← Finance

DCF Calculator

Estimate enterprise value from forecast FCF and discount rate assumptions. Compare terminal-value cases with a built-in sensitivity table.

Other languages 日本語 | English | Español | Français

Inputs

FCF rows (Year 1..N)

Bulk paste (CSV/TSV)

Advanced settings

Summary

Yearly detail

Year FCF Discount factor PV

Sensitivity (r × g)

FAQ

Which assumptions move DCF the most?

Discount rate and terminal value assumptions typically drive the largest changes. Use TV ratio and the sensitivity table to inspect impact.

Must terminal growth be lower than discount rate?

Yes in the Gordon growth model. If growth is equal to or above discount rate, the formula is not valid.

What does exit multiple apply to here?

In this version, exit multiple is applied to the final forecast-year FCF.

Can I get equity value and value per share?

Yes. Enter net debt and shares outstanding to calculate equity value and implied value per share.
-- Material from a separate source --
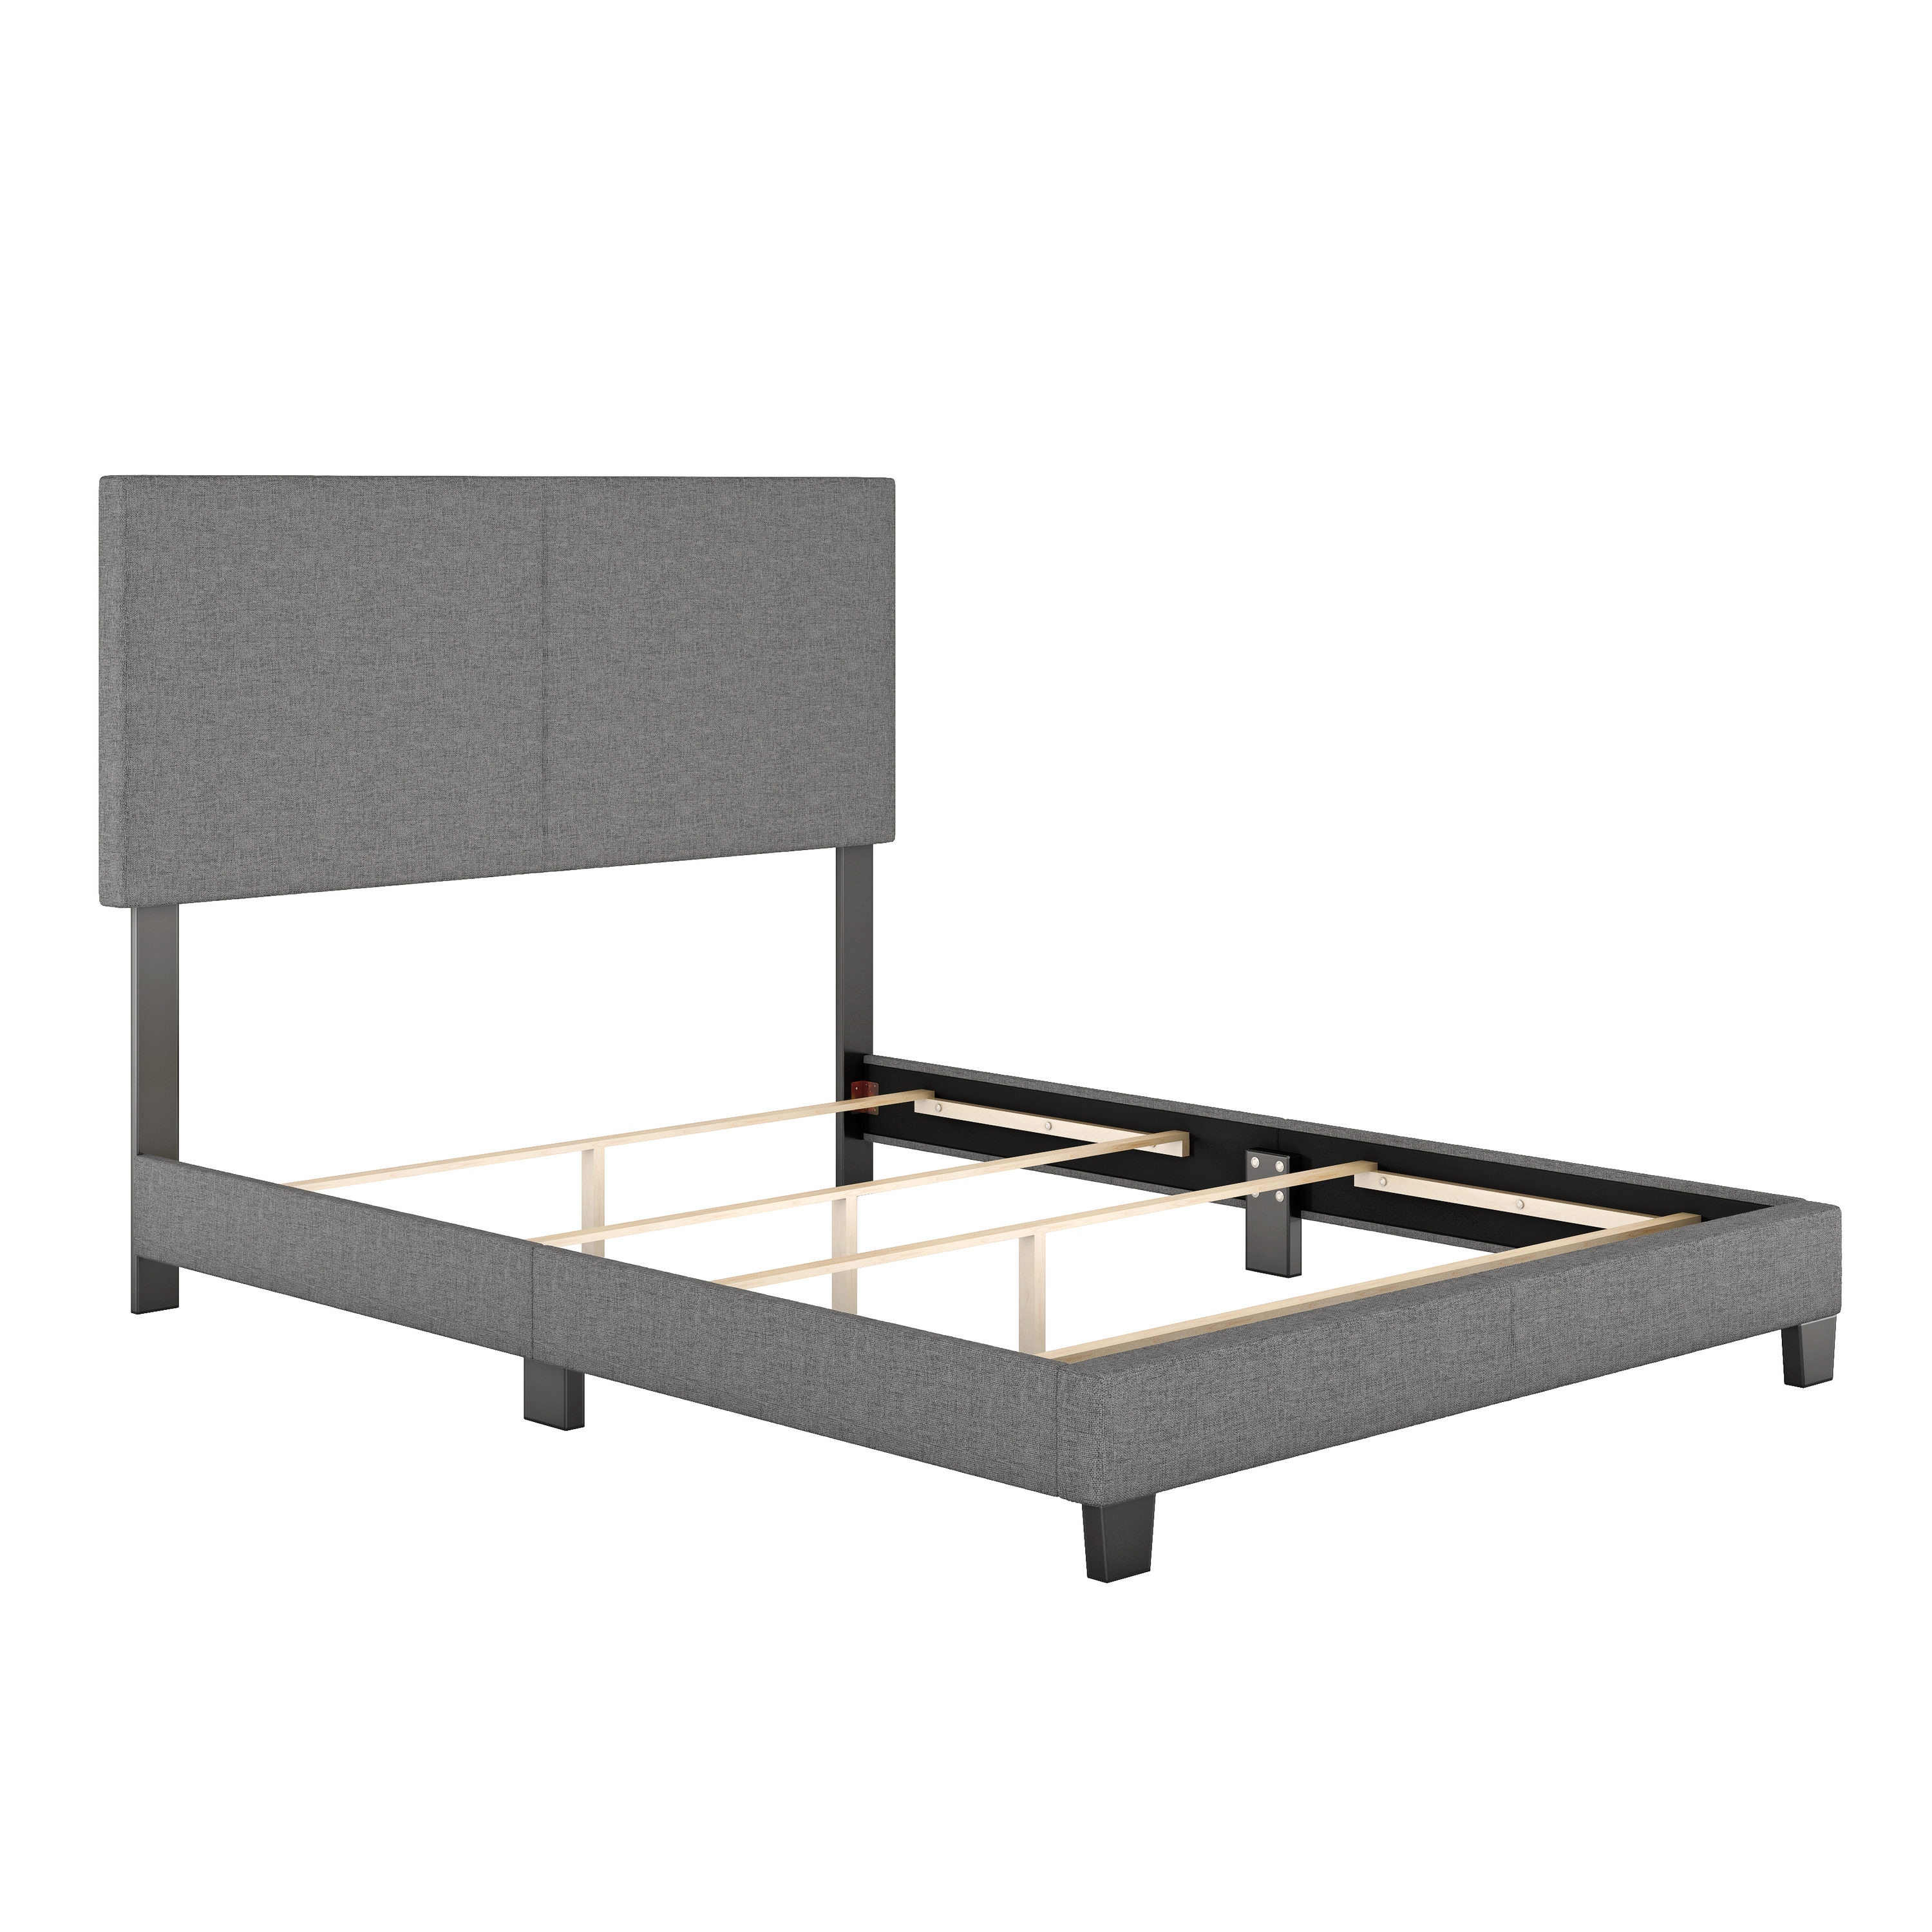 PerformaRest Morgan Grey Full Faux Leather Bed Frame in the Beds ...

What should I do first on this page?

Start with the minimum required inputs or the first action shown near the primary button. Keep optional settings at defaults for a baseline run, then change one setting at a time so you can explain what caused each output change.
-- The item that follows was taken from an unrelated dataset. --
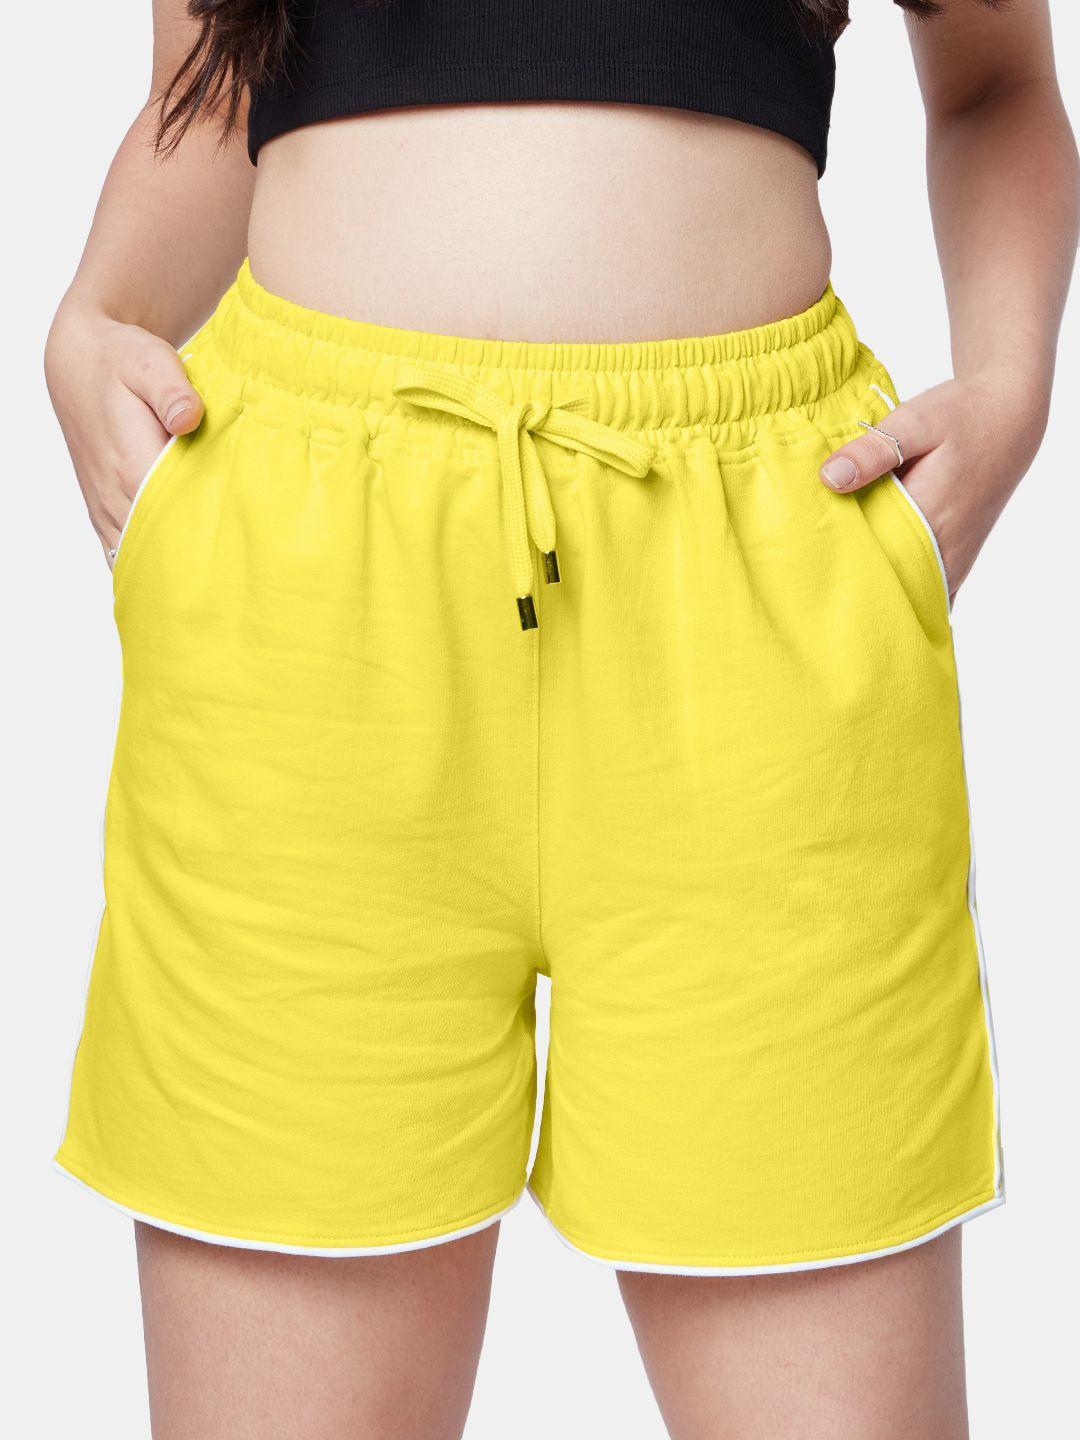 the souled store women yellow mid-rise sports shorts

How to use DCF Calculator effectively

What this calculator does

This page is for estimating outcomes by changing inputs in one controlled workflow. The model keeps your focus on variables, not output shape. Start with stable assumptions, then test sensitivity by changing one key input at a time to observe directional impact.
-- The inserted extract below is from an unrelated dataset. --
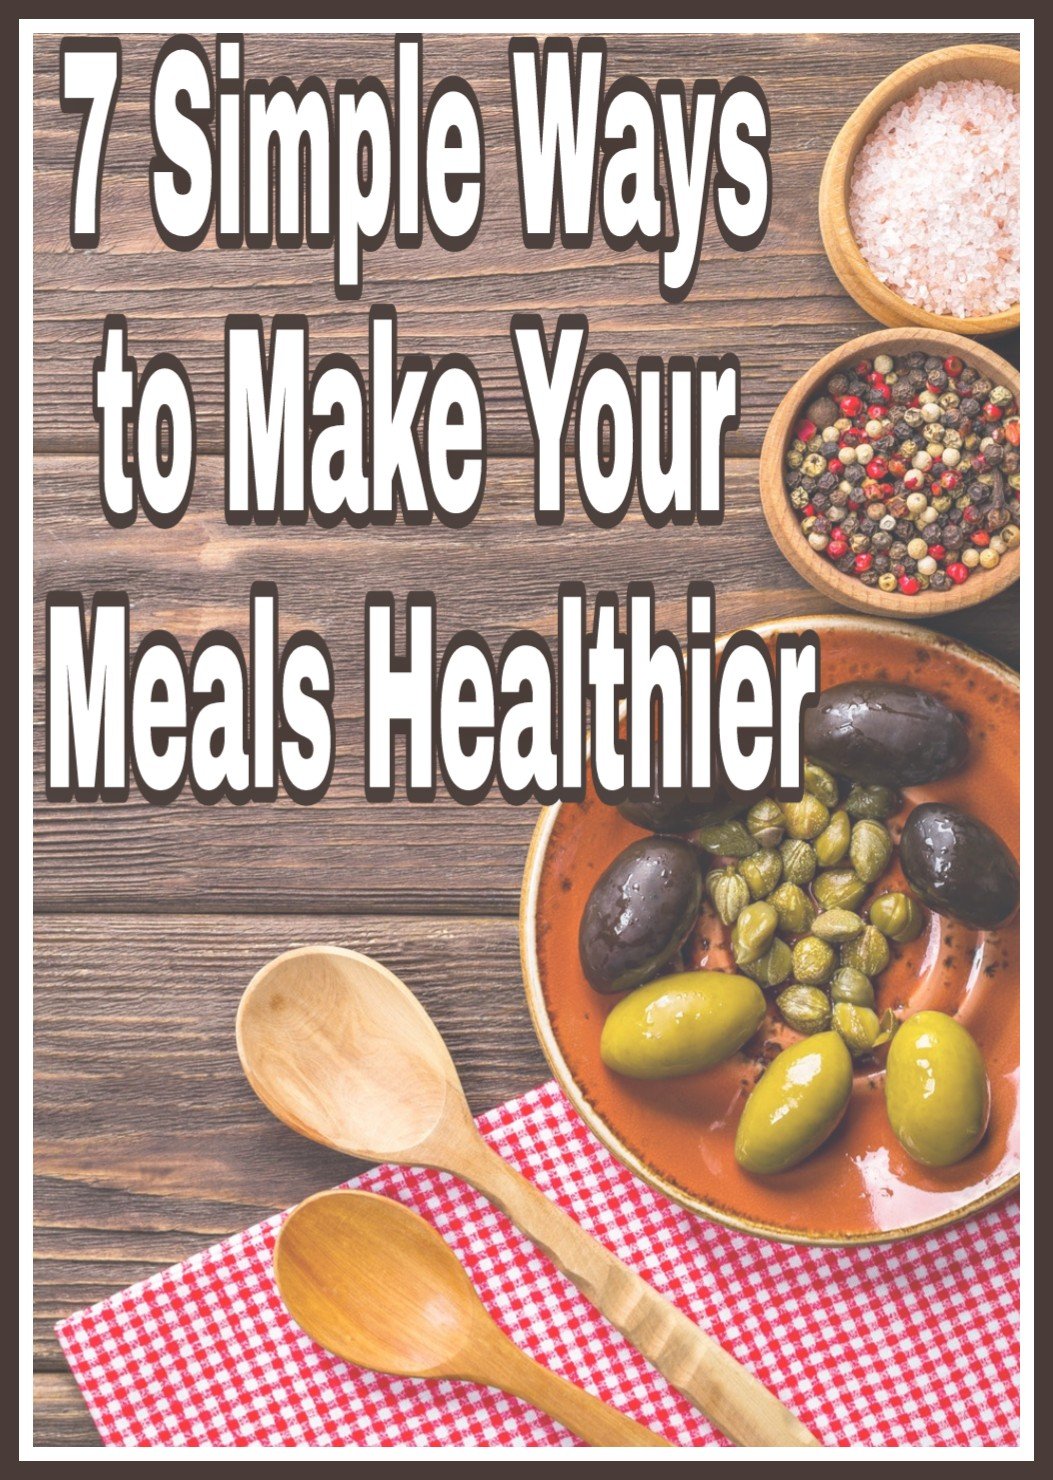 7 Simple Ways to Make Your Meals Healthier title on background image of table with healthy food in wooden bowls

Input meaning and unit policy

Each input has an expected unit and a typical range. For reliable interpretation, check whether you are using the same unit system, period, and base assumptions across all runs. Unit mismatch is the most common source of unexpected drift in numeric results.

Use-case sequence

A practical sequence is: first run with defaults, then create a baseline log, then run one alternative scenario, and finally compare only the changed output metric. This sequence reduces cognitive load and prevents false pattern recognition in early experiments.

Common mistakes to avoid

Avoid changing too many variables at once, mixing incompatible data sources, and interpreting a one-time output without checking robustness. A single contradictory input can flip conclusions, so keep each experiment minimal and document assumptions as part of your note.

Interpretation guidance

Review both magnitude and direction. Direction tells you whether a strategy moves outcomes in the desired direction, while magnitude helps you judge practicality. If both agree, you can proceed; if not, rebuild the baseline and verify constraints before deciding.